La mère Justamond, ayant réussi à pousser la porte, s'effaça pour laisser passer Cloquet. Mais il n'osa pas d'abord entrer. L'air moisi qui soufflait de là dedans, l'air qui meurt chez nous quand nous n'y sommes plus, et tout le souvenir du passé l'arrêtèrent sur le seuil. Il essuya son front avec sa main, comme si une bête l'avait piqué, et un peu courbé, les yeux fixes, il contemplait ce pauvre cube d'ombre qui avait été la demeure de sa joie, la demeure de sa peine, et qui ne vivait plus.
La mère Justamond ne comprenait qu'à demi. Elle hochait la tête, en avançant les lèvres, comme une personne qui voudrait bien en savoir plus long, mais qui n'ose pas interroger. Elle demanda seulement:
—Comme ça, la Picardie, ça n'a pas été?
Gilbert, sans répondre et sans bouger, demanda à son tour, de sa voix toute basse, et qui tremblait:
—Dites, mère Justamond, où est Marie? Le savez-vous?
Julie Justamond, rousse comme un écureuil, debout près de la mère, et les dents éclatantes, répondit:
—Elle voyage depuis sa jeunesse, cette fille-là: elle continue.
La mère lui envoya une gifle.
—Rosse, dit-elle, voilà pour toi! Excusez-la, Gilbert, c'est encore jeune... Non, je n'ai pas grande nouvelle. Des gens m'ont dit qu'elle était à Paris avec son homme.
—Je la retrouverai parce qu'elle aura besoin de moi, mère Justamond.
Il tourna la tête vers la femme, qui eut pitié de le voir si ému, et il dit, se penchant:
—Je vas recommencer à travailler pour elle.
—Pour elle, Gilbert! C'est pas Dieu possible! Pour une fille qui vous a manqué!
—Oui. On revient de loin, voyez-vous. Elle peut revenir, elle aussi.
—Qui a eu la saisie, qui a...
—Je sais tout ce qu'elle a fait, mère Justamond, mais je dis ce que je dis: je vas recommencer à travailler pour elle.
Il entra dans la maison, et on ne le vit plus, que comme une ombre qui hésite en marchant. Puis les femmes s'en allèrent. Le hameau redevint silencieux. Il n'y avait plus que les feuilles mortes qui roulaient sur le chemin forestier.

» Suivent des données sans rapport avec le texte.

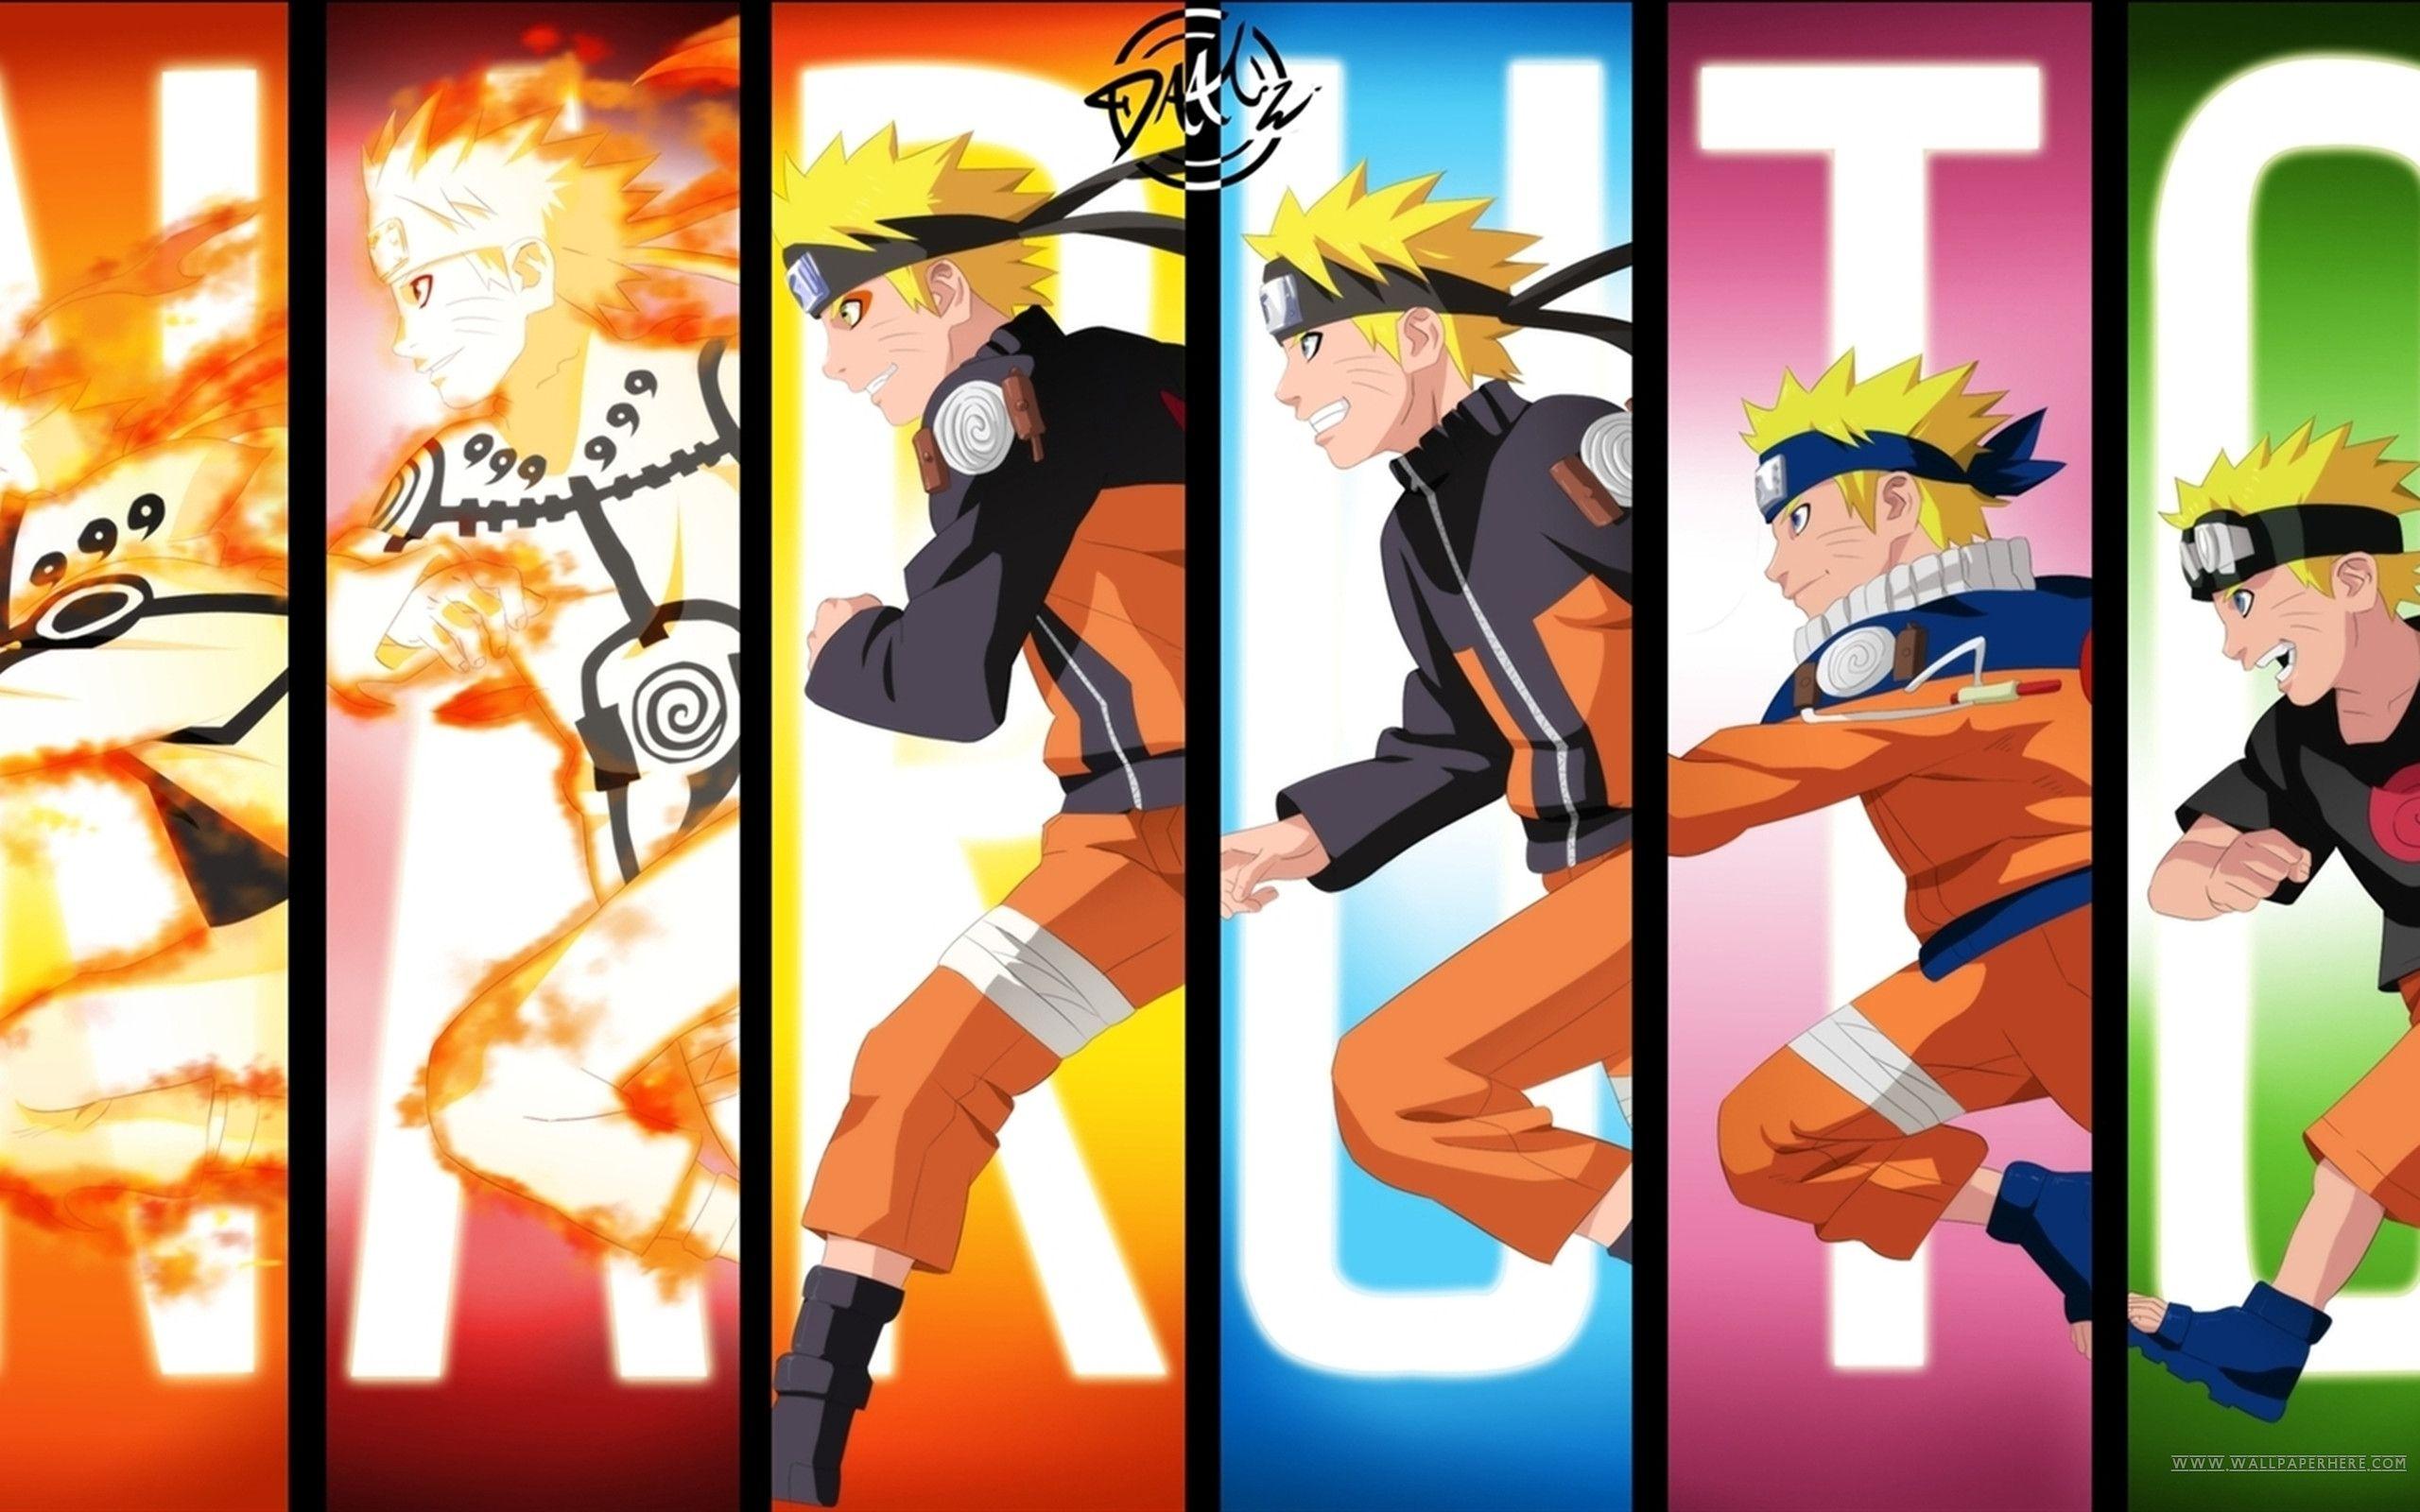 Naruto Shippuden Wallpaper High Defintiion Pc Jpg 2560 1600 Naruto Pictures Best Naruto Wallpapers Wallpaper Naruto Shippuden

Gilbert Cloquet resta plus d'une heure chez lui. Quand il sortit, et qu'il passa devant la maison de la mère Justamond, il tenait à la main un paquet enveloppé dans un mouchoir. C'étaient de menus objets qu'il n'avait pas voulu emporter au pays des Picards, et entre autres, des photographies de sa femme et de sa fille, et une petite statue, haute de deux doigts, tout enfumée, toute délaissée jadis, et qui était la seule chose qu'il eût embrassée, lui, en revenant. Il allait lentement.
—Mon pauvre Cloquet, demanda la bonne femme, où allez-vous, comme ça, si triste?
—Je vas faire une chose qui me coûte bien, répondit Cloquet sans s'arrêter. Mais il faut que j'aille...
Elle cria:
—Reviendrez-vous, au moins?
Il fit un geste, comme s'il disait non.